* **Task requirements**:
Please restate each line of the data below exactly. Omit all images.

======== Dataset excerpt

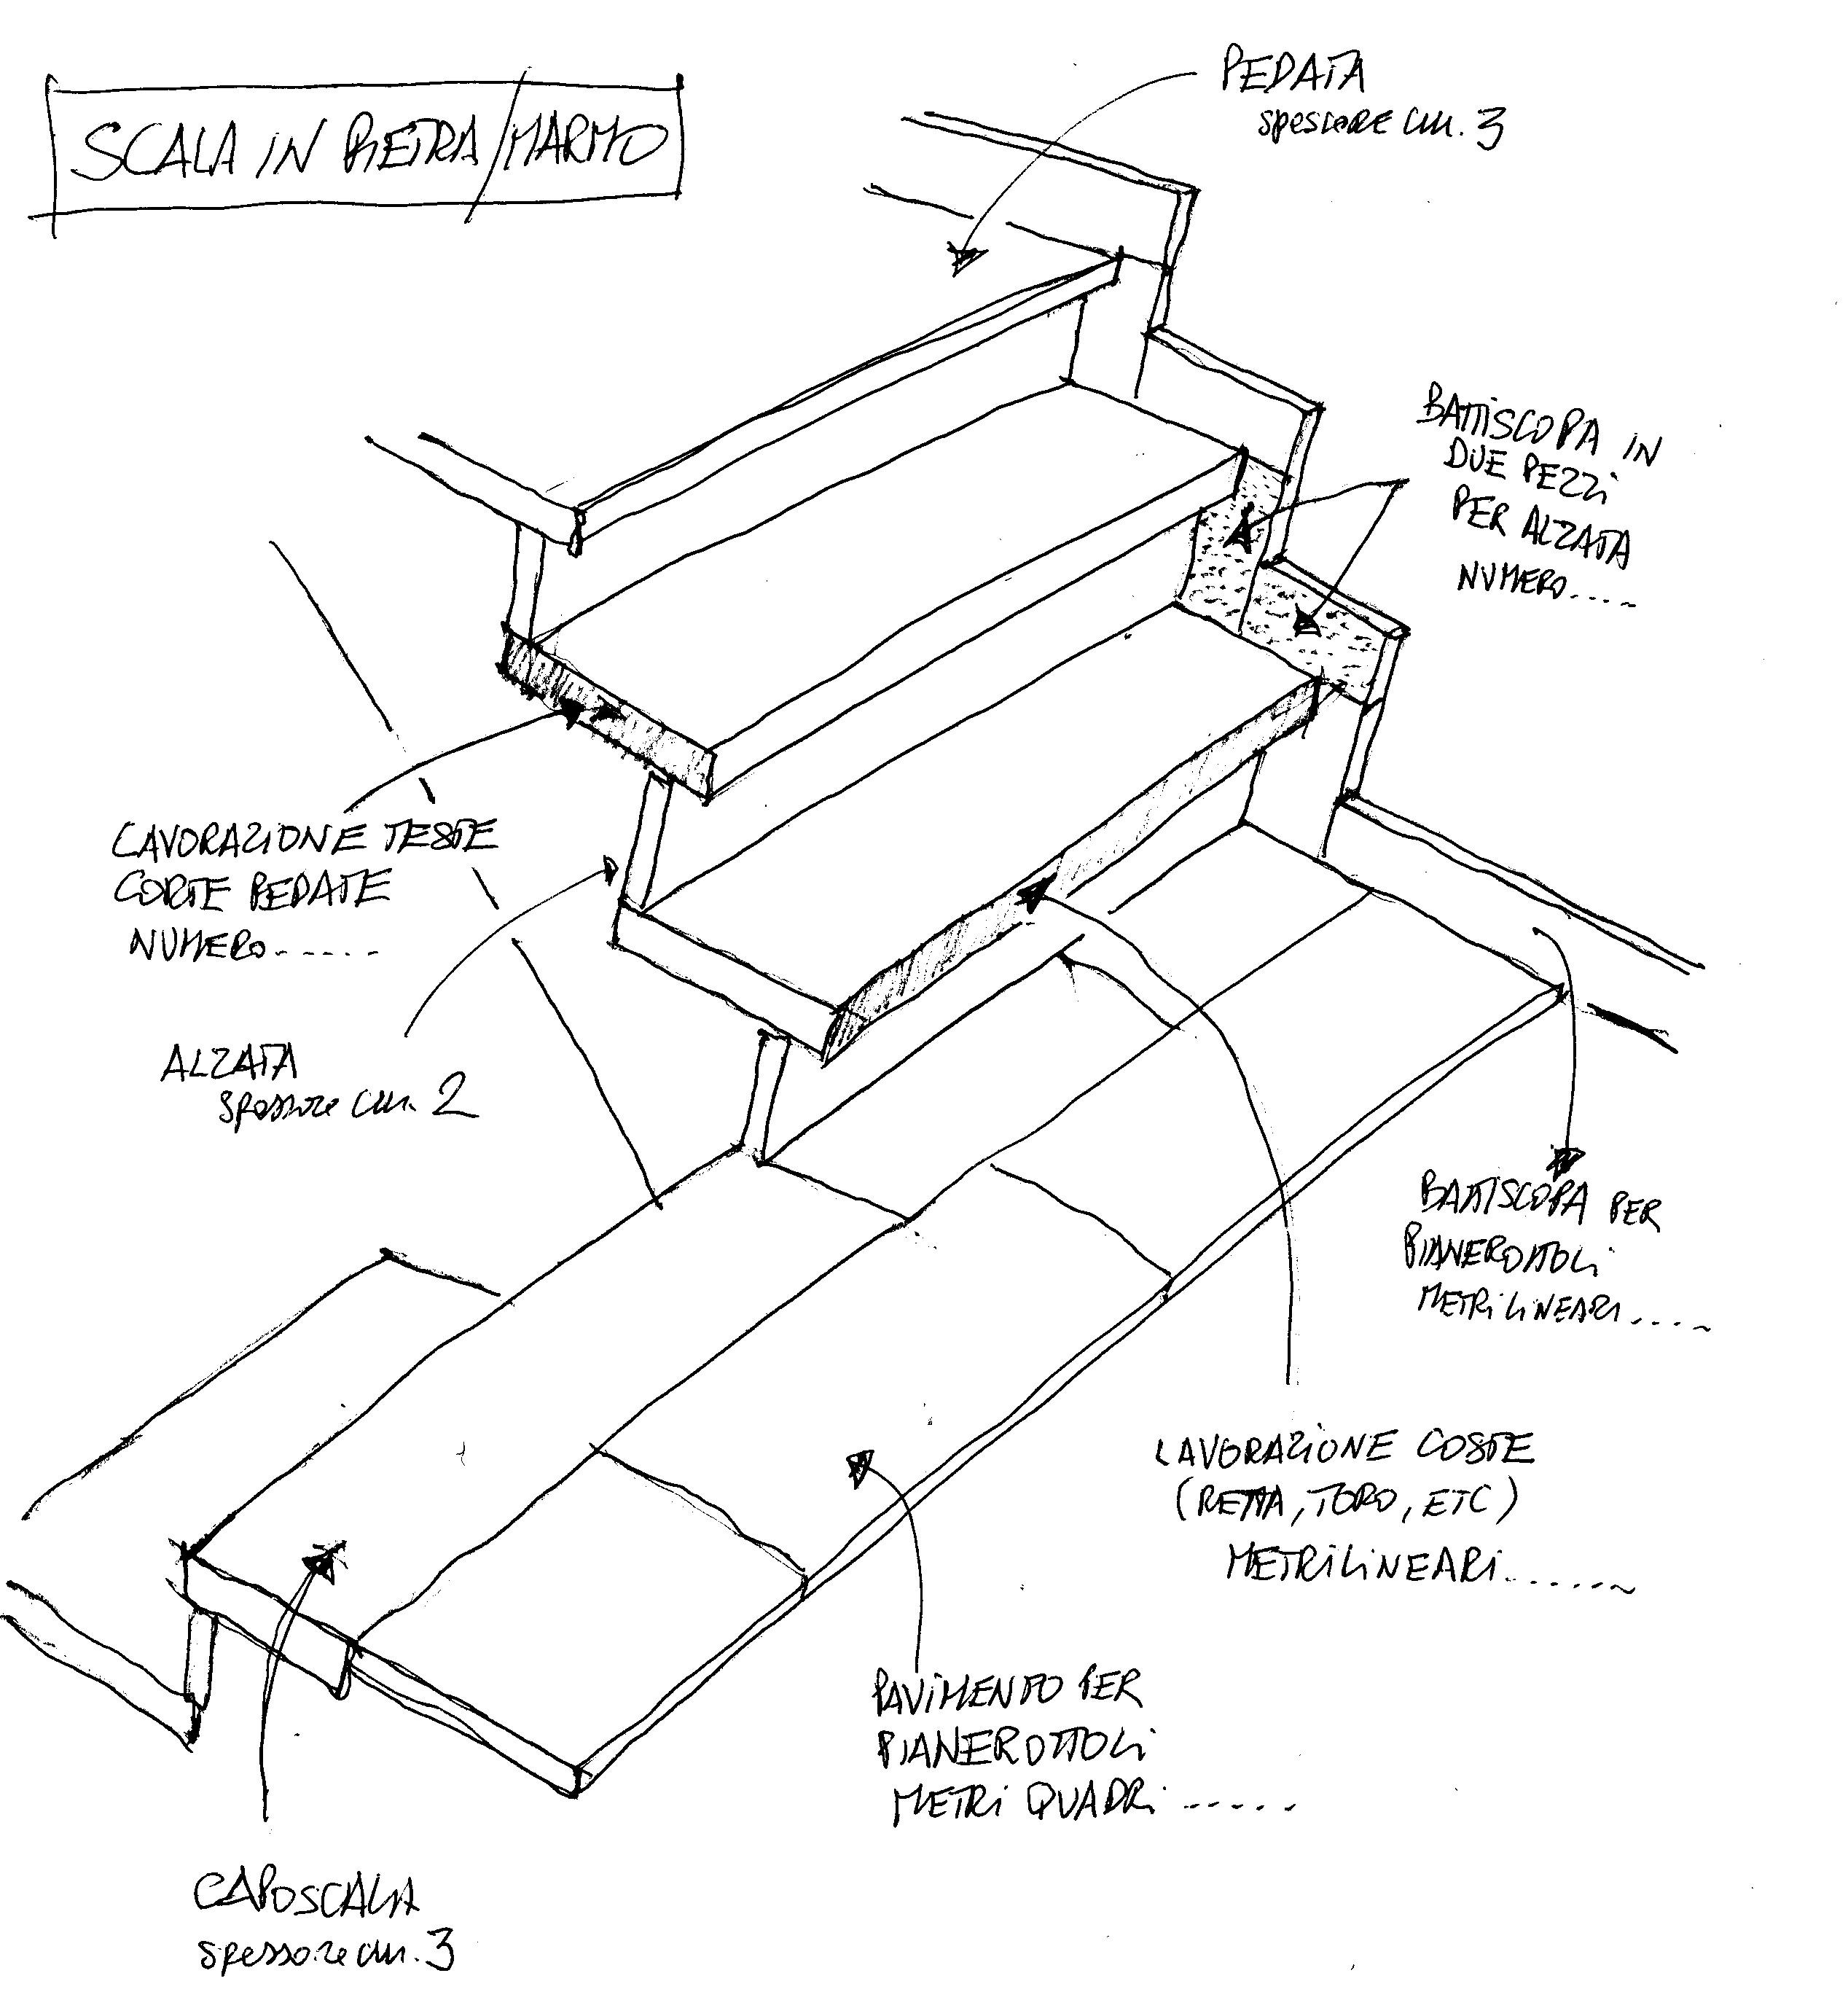 Voci di capitolato per davanzali soglie e scale in pietra - Scale interne misure ...
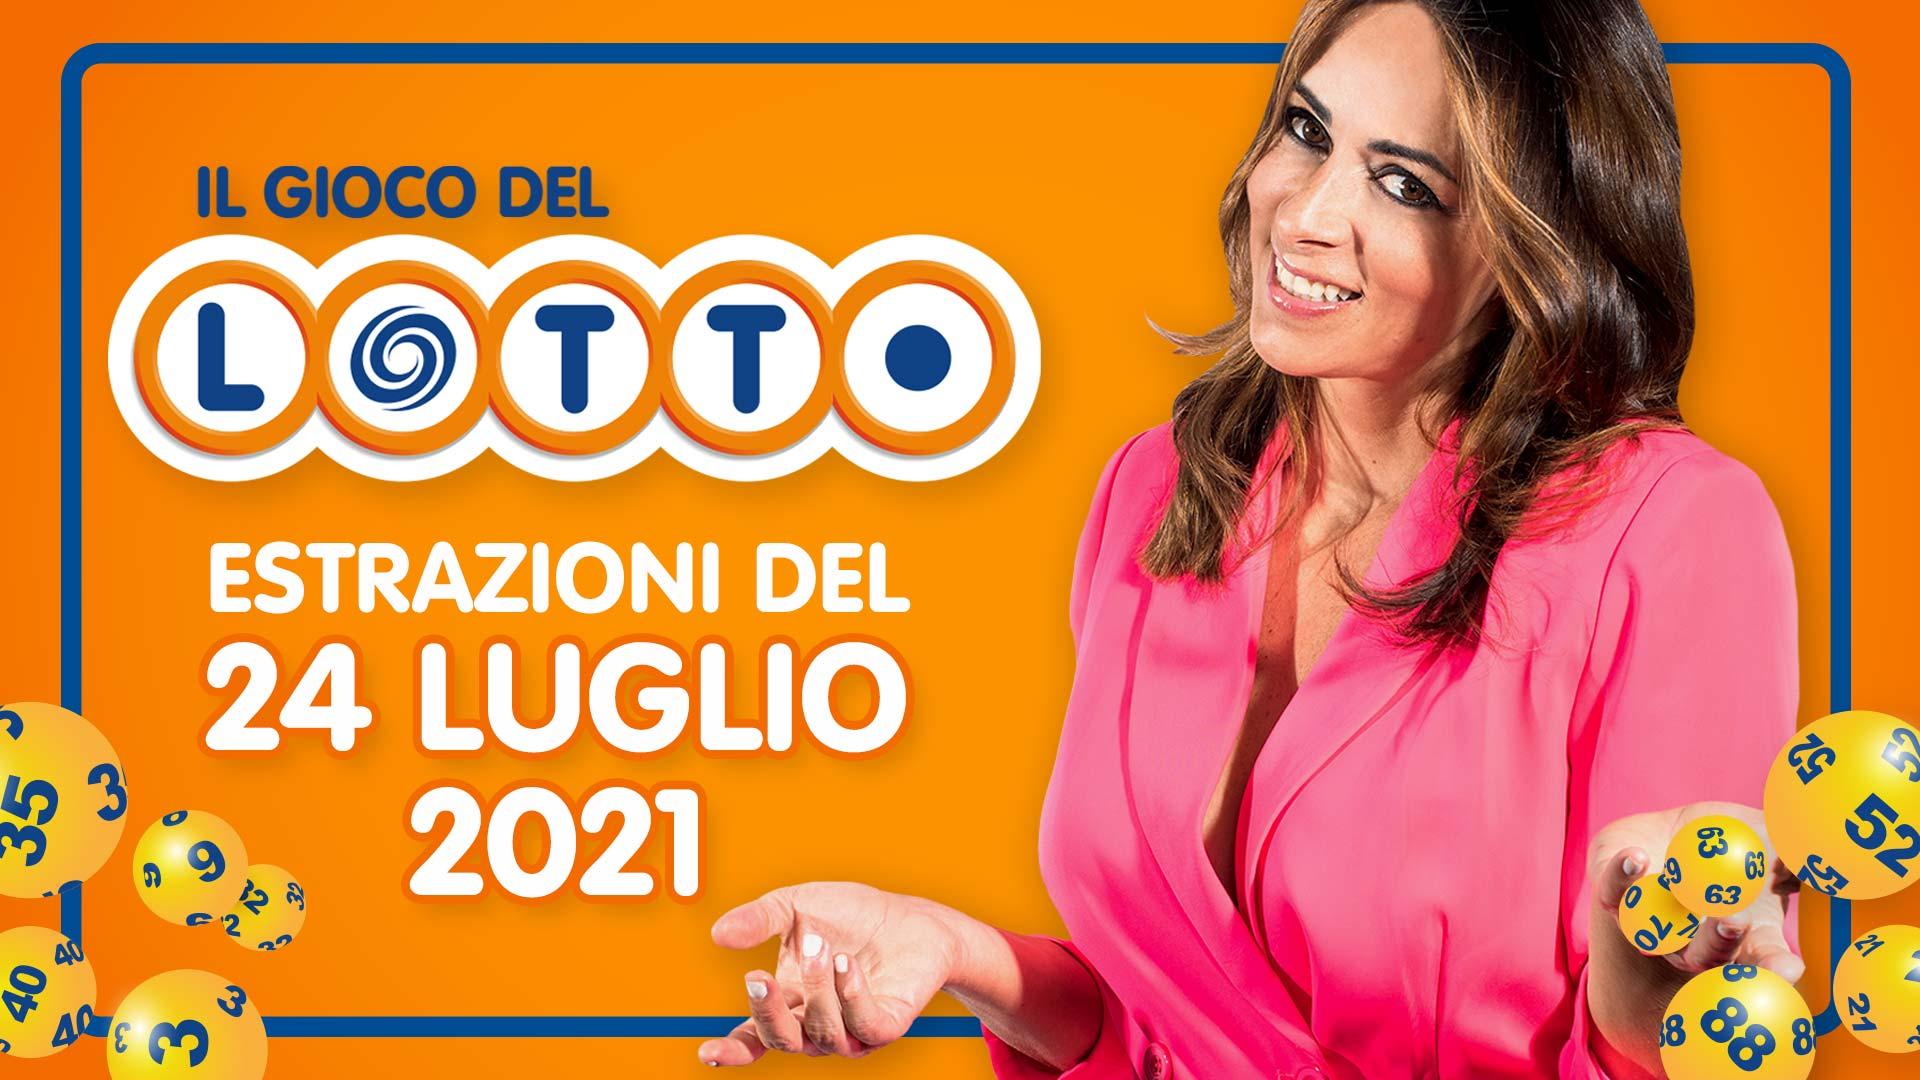 Estrazione lotto 24 luglio 2021 Lotto oggi sabato estrazione vincente superenalotto oggi 10elotto serale simbolotto numeri vincenti ufficiali verifica vincite conduce Serena Garitta in diretta
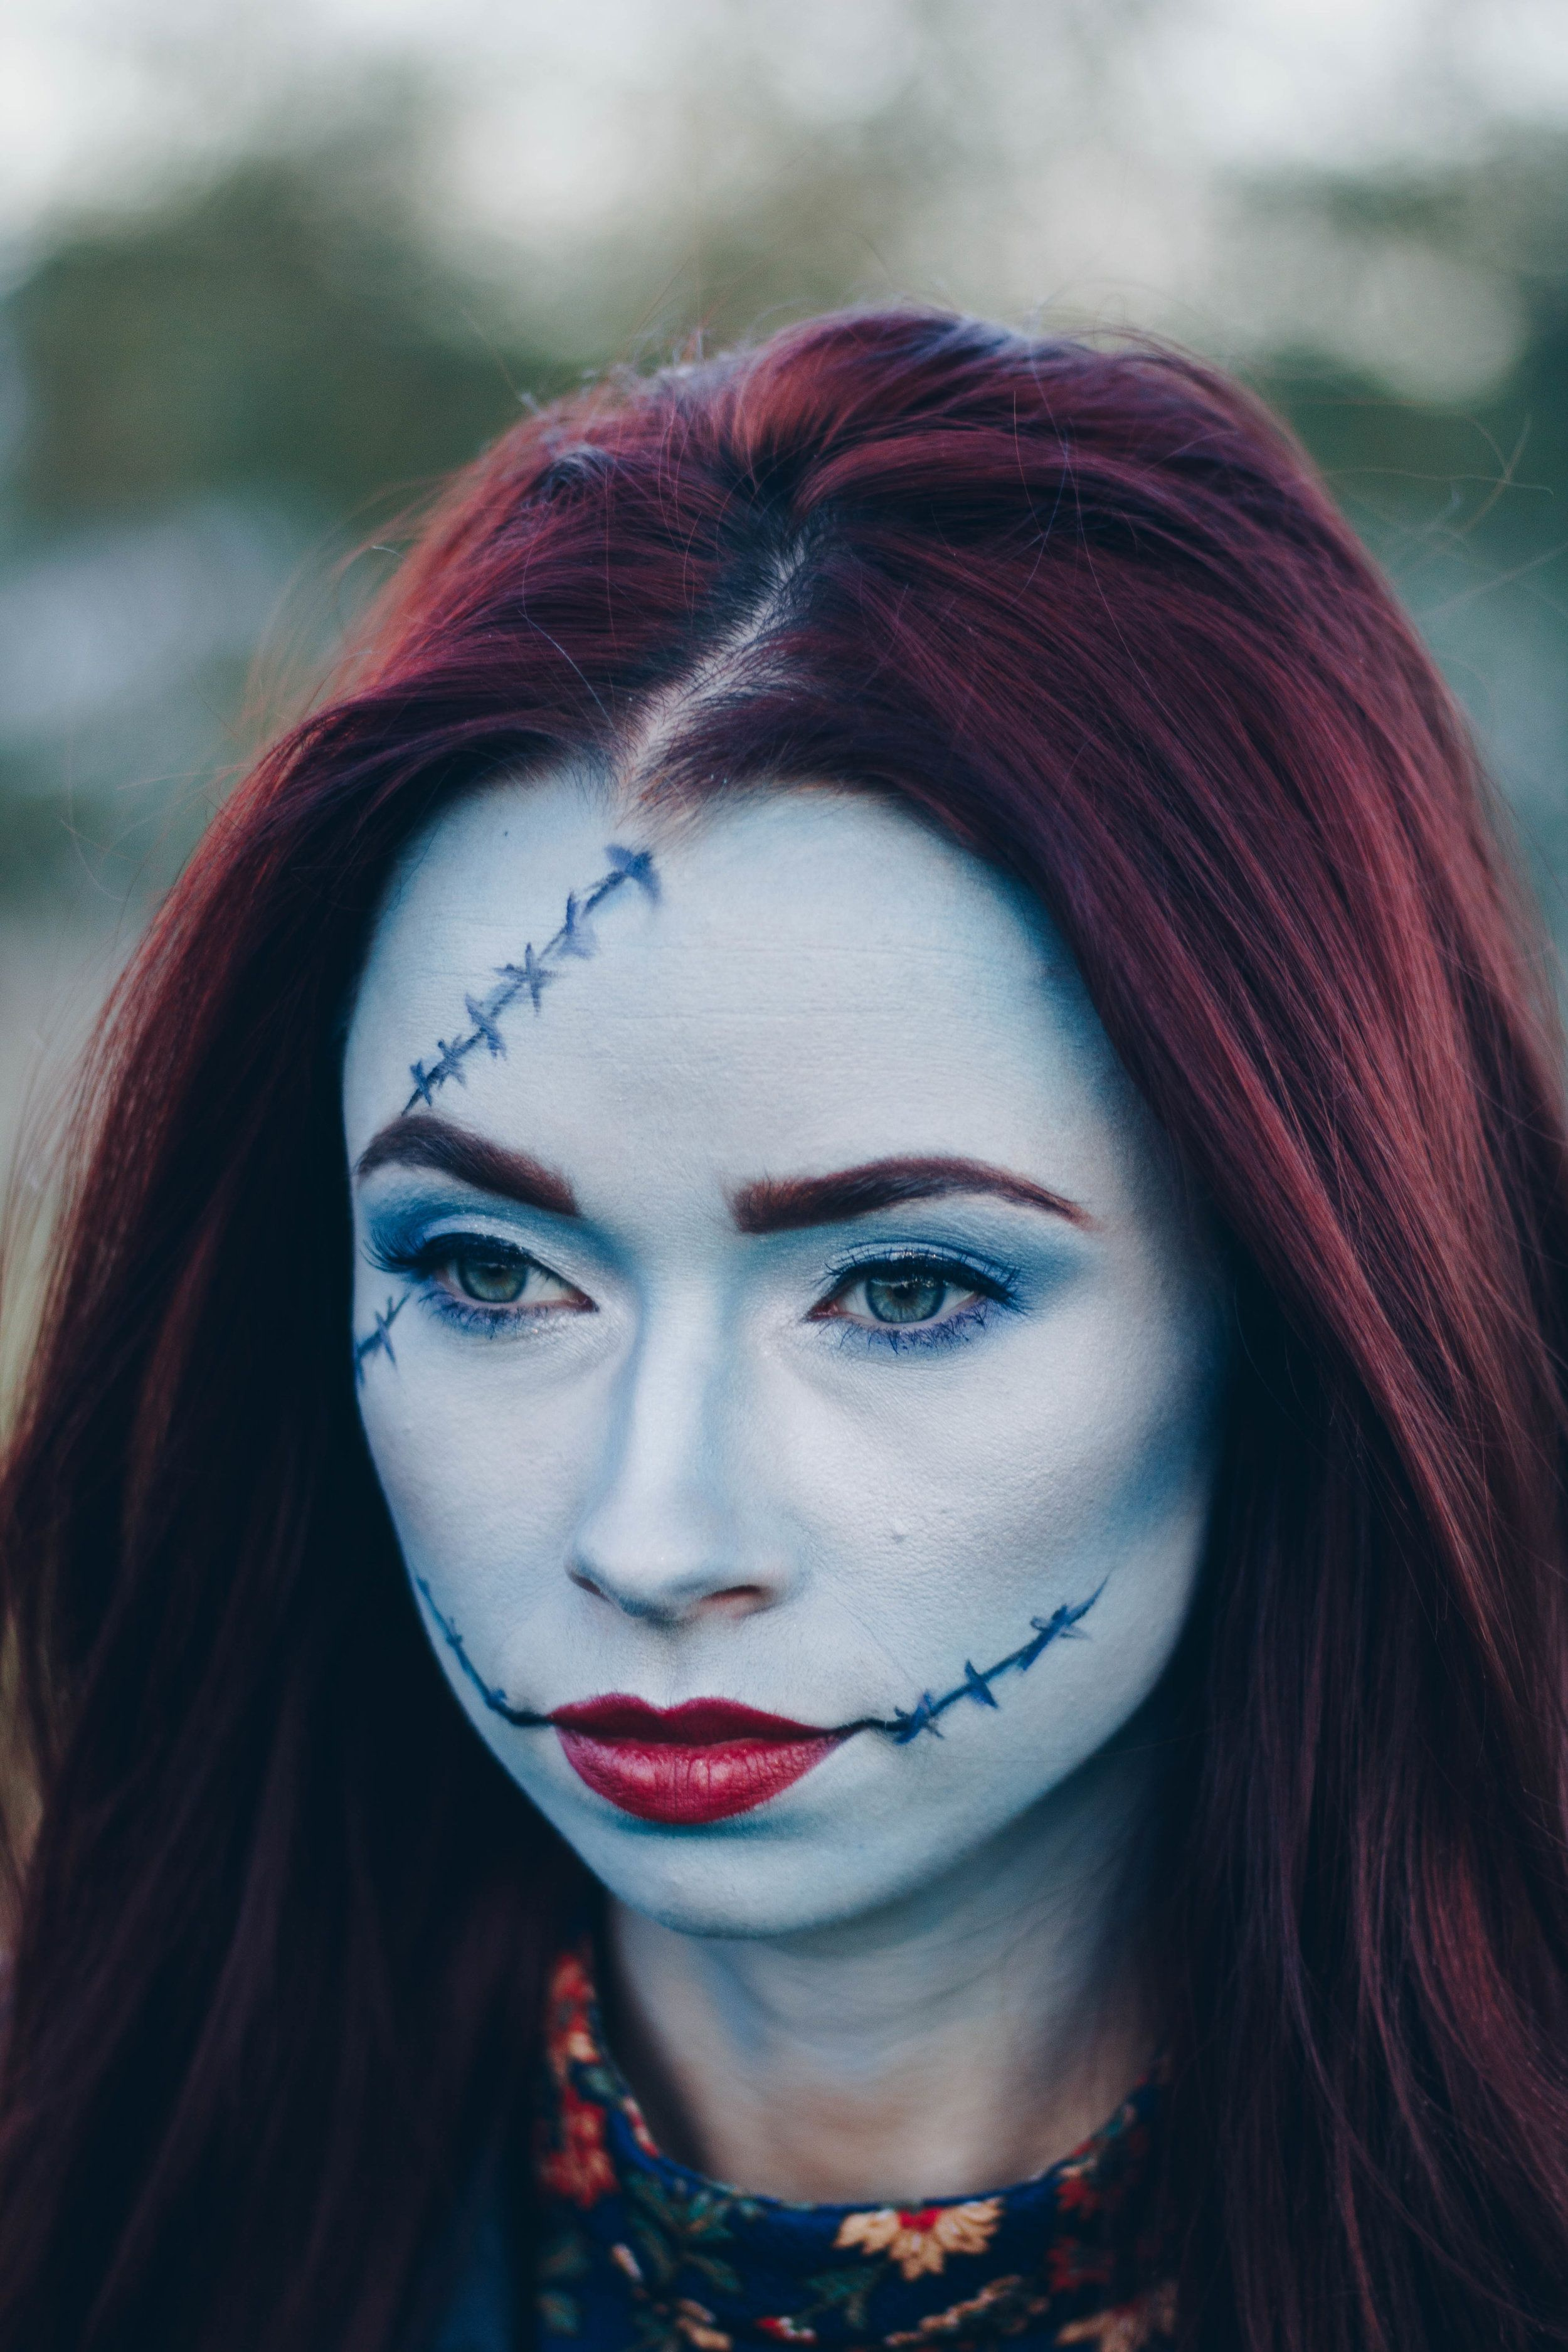 Nightmare Before Christmas Sally Makeup - Christmas Cards

================

* **Output for this exercise**:
 Voci di capitolato per davanzali soglie e scale in pietra - Scale interne misure ...
 Estrazione lotto 24 luglio 2021 Lotto oggi sabato estrazione vincente superenalotto oggi 10elotto serale simbolotto numeri vincenti ufficiali verifica vincite conduce Serena Garitta in diretta
 Nightmare Before Christmas Sally Makeup - Christmas Cards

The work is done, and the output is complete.